De volta ao tema, o tratamento perioperatório é
iniciado logo após o diagnóstico histológico e mutacional, em pacientes
ressecáveis (CNPC) em estádio II
ou III. Faz-se quimio e imunoterapia; vem a
pausa para tratamento cirúrgico e, após poucas semanas, reinicia-se a
imunoterapia, de forma isolada. O resultado foi melhora no intervalo livre de
doença e resposta patológica completa. Ou seja, melhora de resultados em longo
prazo.
Mas se um banco de jardim parece um artefato
completamente dispensável, contudo ele nos ajuda a reorganizar não só o
visível, mas também o modo de nos olharmos.
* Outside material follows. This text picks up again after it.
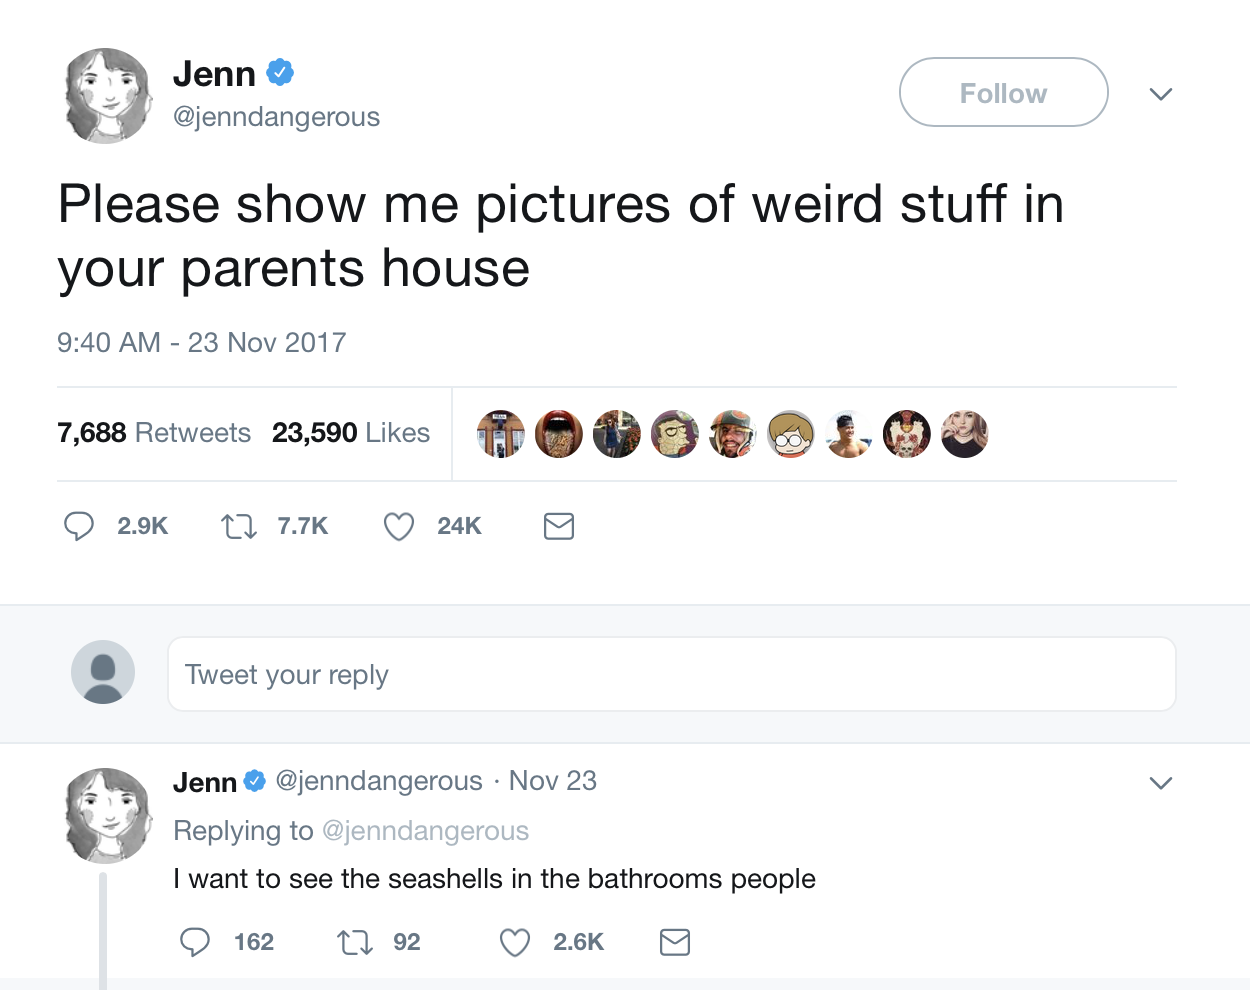 weird stuff on twitter - Jenn Please show me pictures of weird stuff in your parents house 7,688 23,590 0 40 9 Cz 24K Tweet your Jenn Nov 23 I want to see the seashells in the bathrooms people 162 92

À sua maneira, oferece-nos a
paisagem para a reconstrução de nosso cotidiano. Imagina, por exemplo, os
bancos de jardins da Provence, onde Van Gogh pintou a continuação da natureza,
salpicada de azul e amarelo.
Imagina, por exemplo, aquele banco de jardim, de Pavel,
no início do texto, que
sentiu queimar sua veia na insônia da
história, minuto a minuto, gota a gota. Reviveu-se a marca que hoje não se pode regredir. São ressignificações ganhando suspiros; são
palavras compostando-se no jardim da oncologia... e da expectativa da cura.
Razão, facho de luz que seduz a esperança.